By the way, although I didn't expect people to extrapolate from the Erlang challenge that Erlang is a good general purpose too, I do think that it is, at least for building backends for a wide range of applications. I wrote a followup on my blog to the Erlang challenge where I listed some of them.
You said it. I checked out the Erlang tutorial just now, and apparently you can't use user-defined functions in the test-expression of a conditional, to prevent people from putting side-effecty functions in there? Now maybe there's some good reason for that, that has to do with the mysteries of handling concurrency or something, but it gives me the prima-facie feeling of java for the fp crowd.
Mostly the reason for that is to allow the compiler to optimise the order of evaluation of the conditions. If you could put functions with side-effects in there then it would be impossible to do that since the compiler would have to guarantee some kind of consistent evaluation order.
There have been proposals for some way to mark user-defined functions as side-effect free and thus allow them to be used in guards. None has had acceptance from the core Erlang developers yet.
In any case this is not usually too much of a problem. The Erlang idiom is to use 'case' instead of 'if' in most cases (no pun intended) and where a calculated value is needed then just assign it to a variable beforehand - not quite as pretty I agree but no big deal.
Well the PS3 has 9 cores, or something like that. Don't you think that says something about the computers we'll all be using, and by extension, the parallel-processing capabilities we'll have to take advantage of in the future? Personally, I'd rather not learn Erlang either, but I hope that this sort of easy parallel processing becomes one of those popular features that every language will implement sooner or later.

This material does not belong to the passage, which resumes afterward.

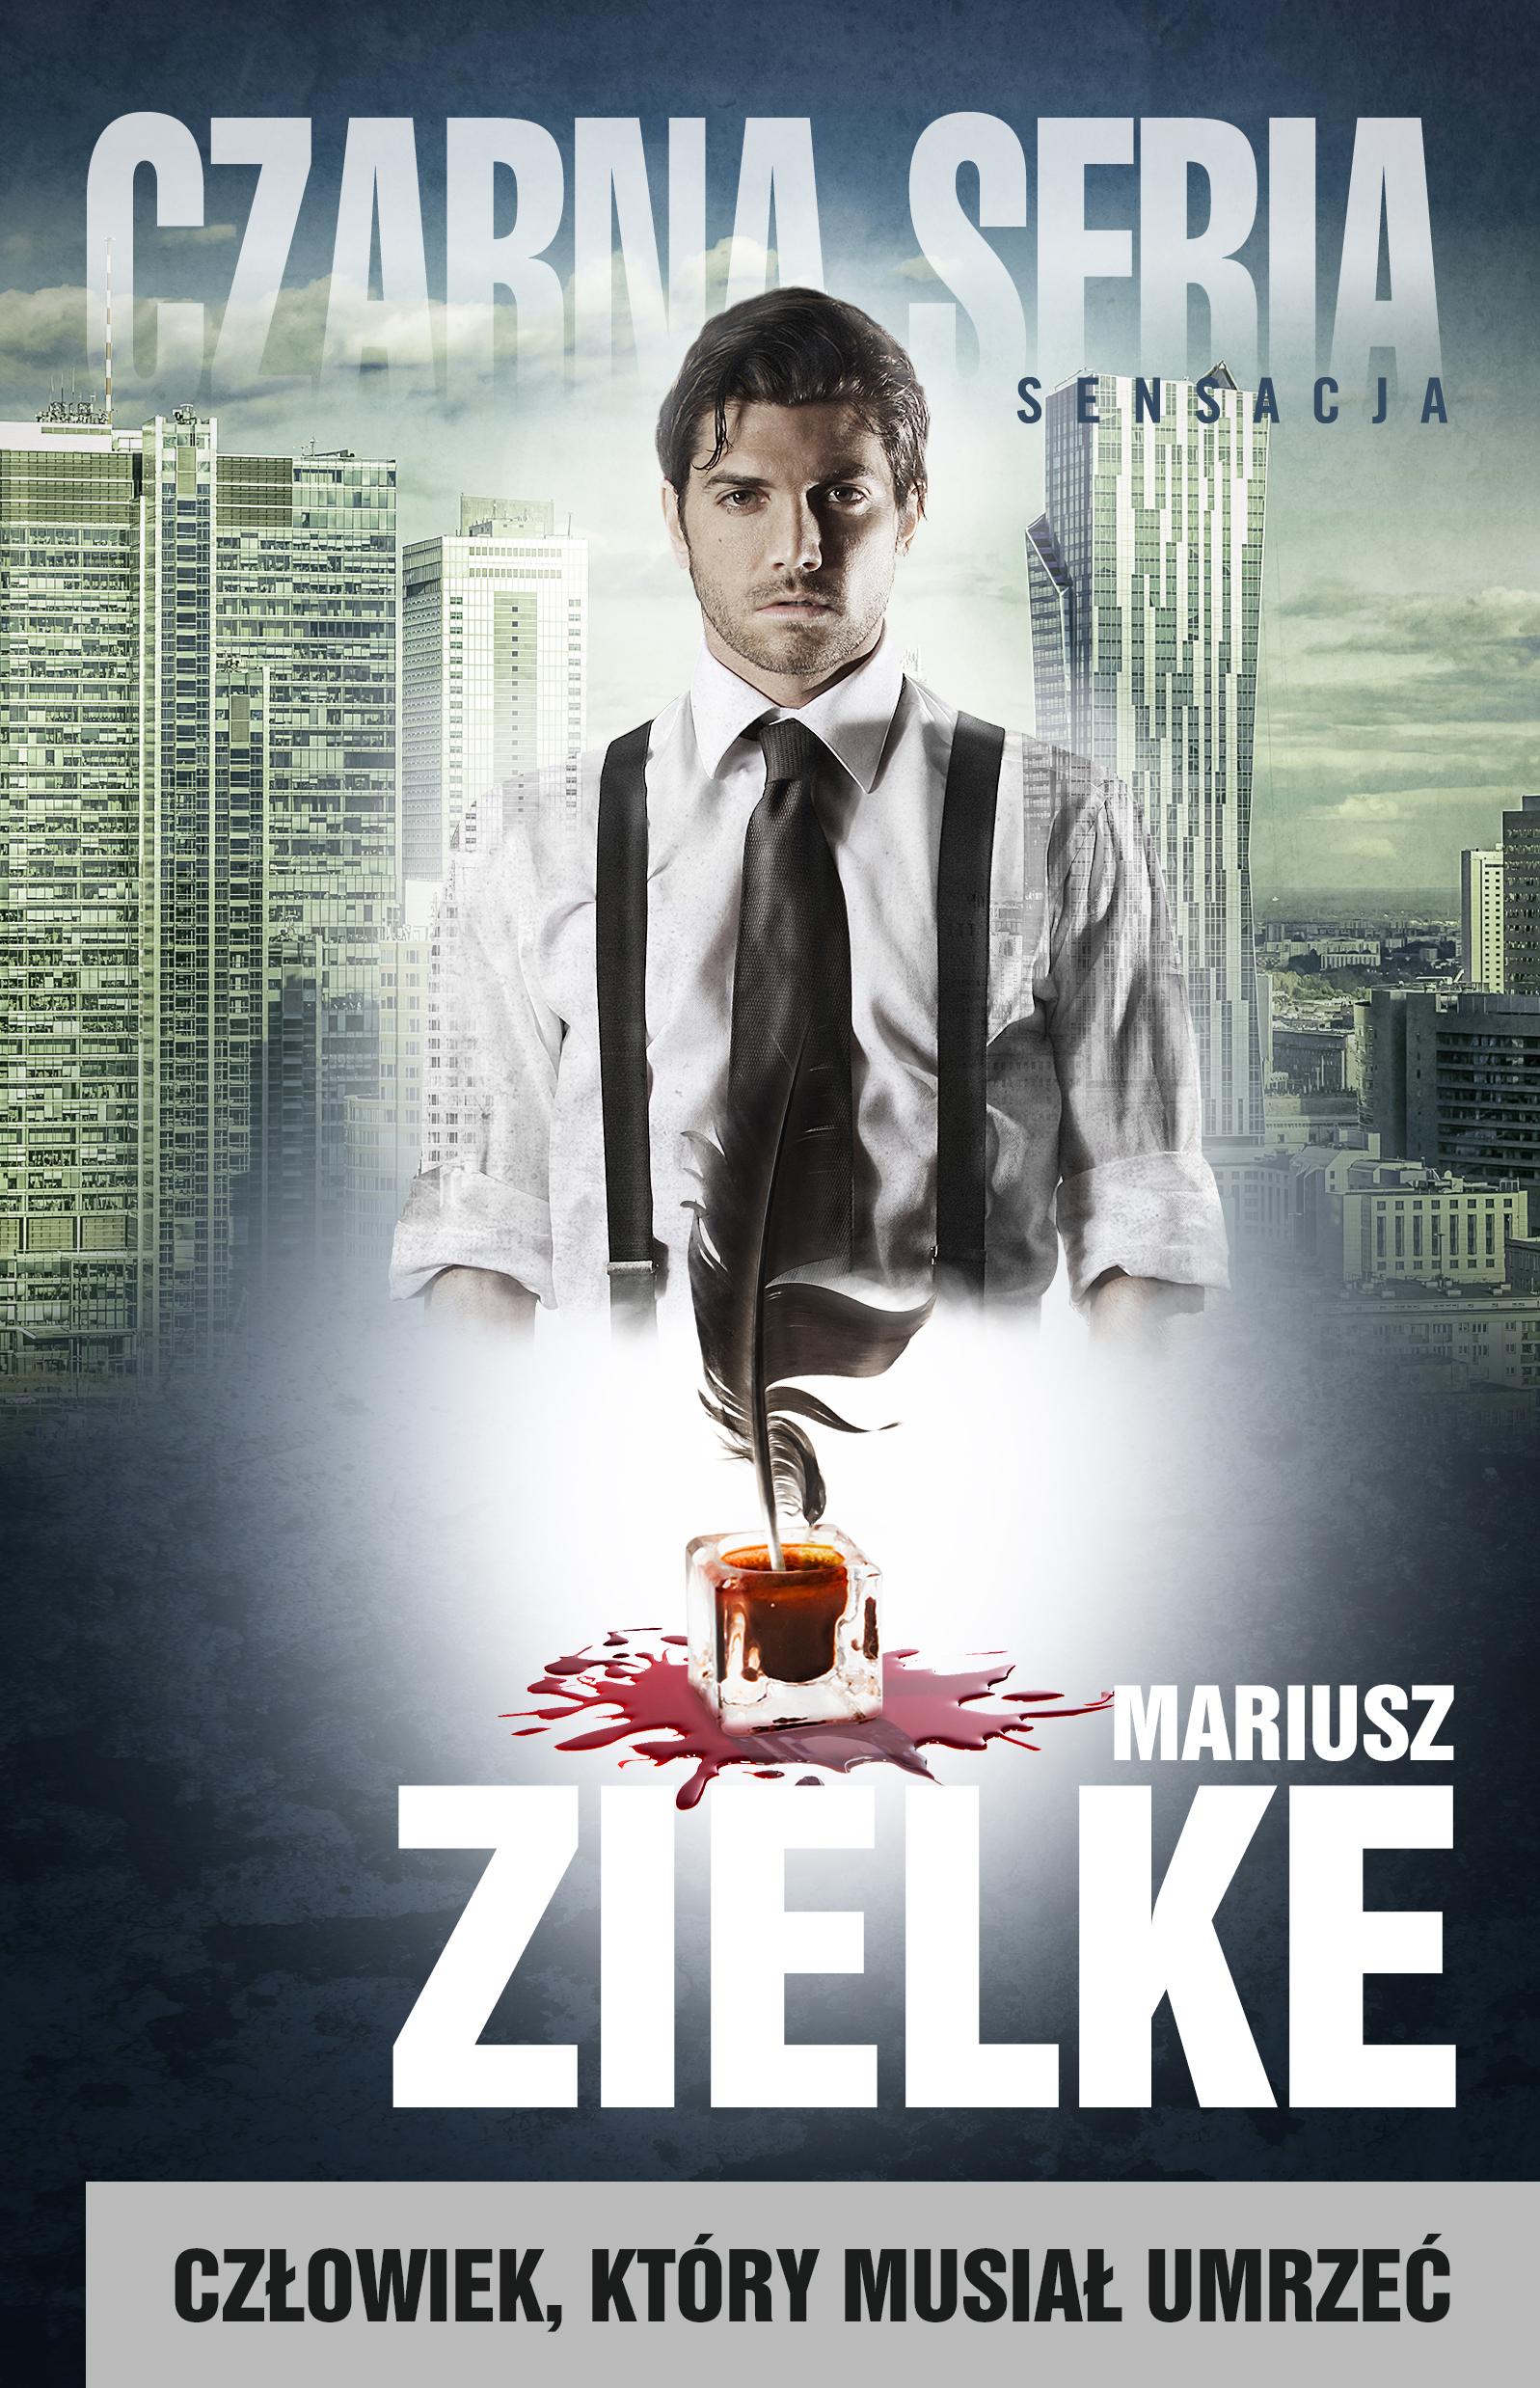 Mariusz Zielke - Człowiek, który musiał umrzeć (okładka)

Hm, I wonder if it should be part of Arc's core...
The "eventually everything will be massively parallel" argument is not very convincing. The Be guys made this argument 15 years ago and we're only now getting to where they were back then (2/4 processor cores). Consumers aren't that excited by more cores, and developers still don't know what to do with them. So there is massive investment in advancing the status quo.

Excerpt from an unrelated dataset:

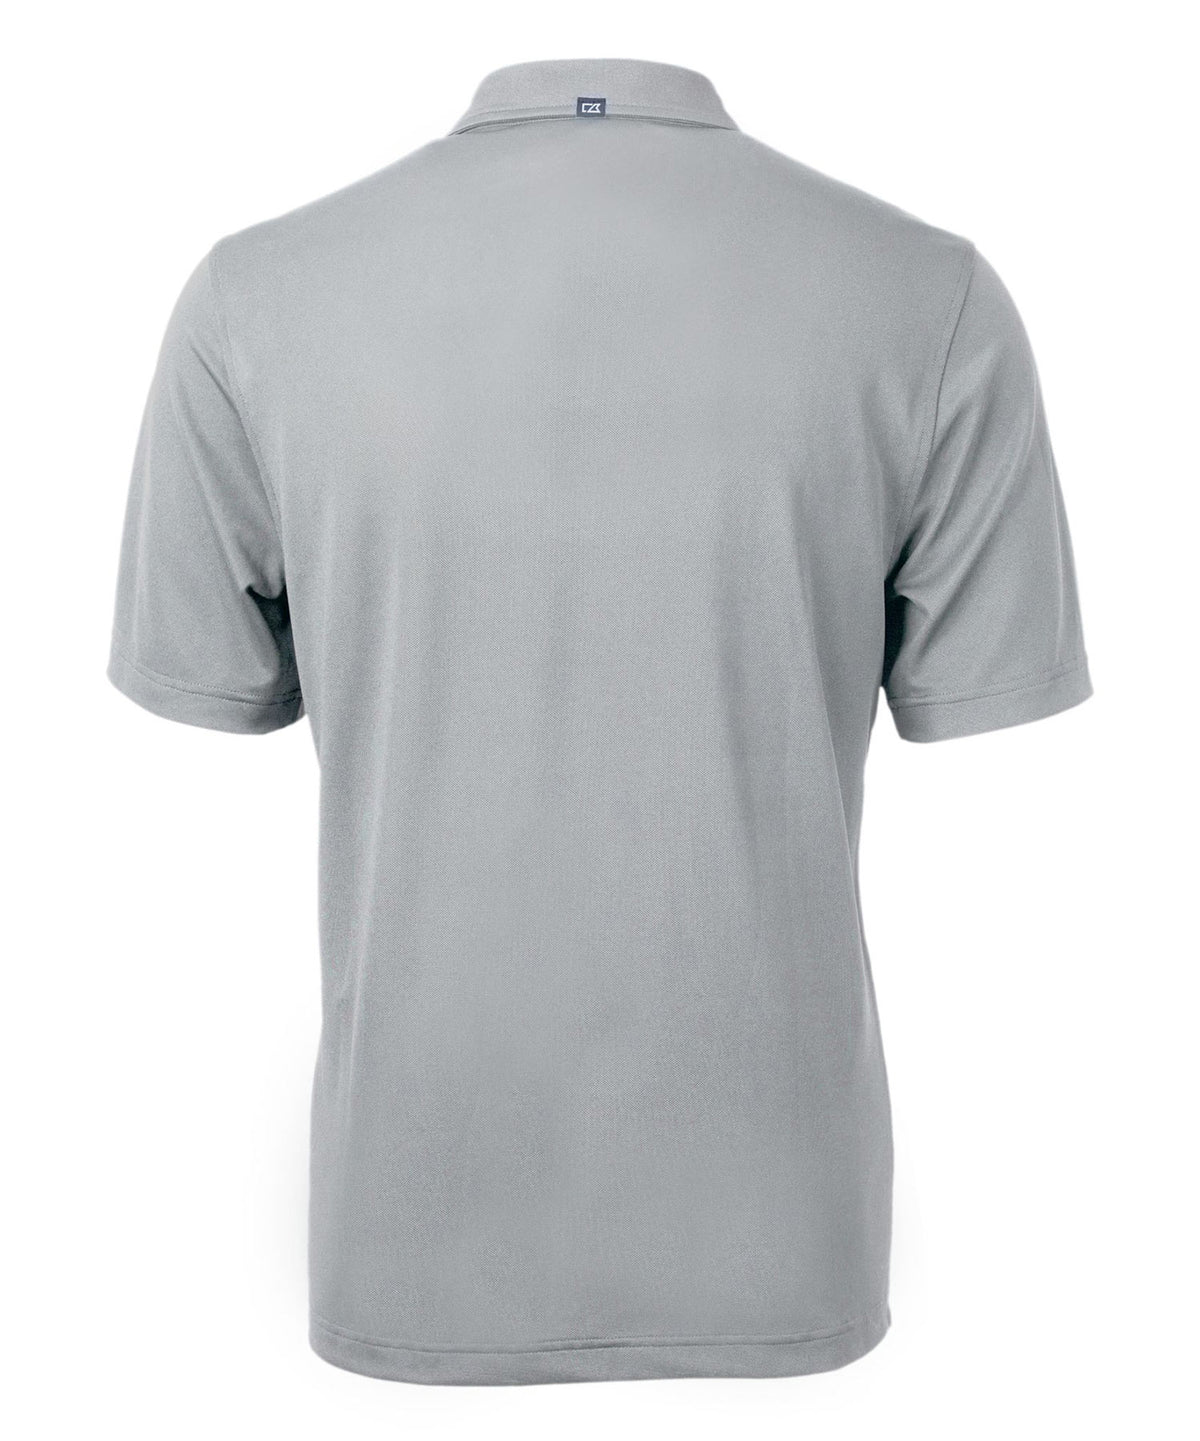 Cutter & Buck Buffalo Bills Short Sleeve Polo Knit Shirt, Men's Big & Tall

Sony thought they could impose the PS3's multiprocessing regime on game developers through market force. But developers found the programming overhead unmanageable, which led to a less-than-compelling lineup, which failed to interest consumers, which means that now developers just work on the Xbox 360 version and port to PS3.

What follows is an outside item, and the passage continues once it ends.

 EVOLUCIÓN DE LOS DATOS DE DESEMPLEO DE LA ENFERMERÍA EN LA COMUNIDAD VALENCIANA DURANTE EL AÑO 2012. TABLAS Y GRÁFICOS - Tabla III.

I was offered a job porting an existing game engine to the PS3 under the gun (the game had to ship in six months) and I would not touch it with a ten-foot pole.
"and developers still don't know what to do with them."
Excuse me, at least in the imaging processing community we know very well what to do with all those extra cores. Particularly when processing 1 Gb images, and/or a couple hundred thousand 2048x2048 16-bit images.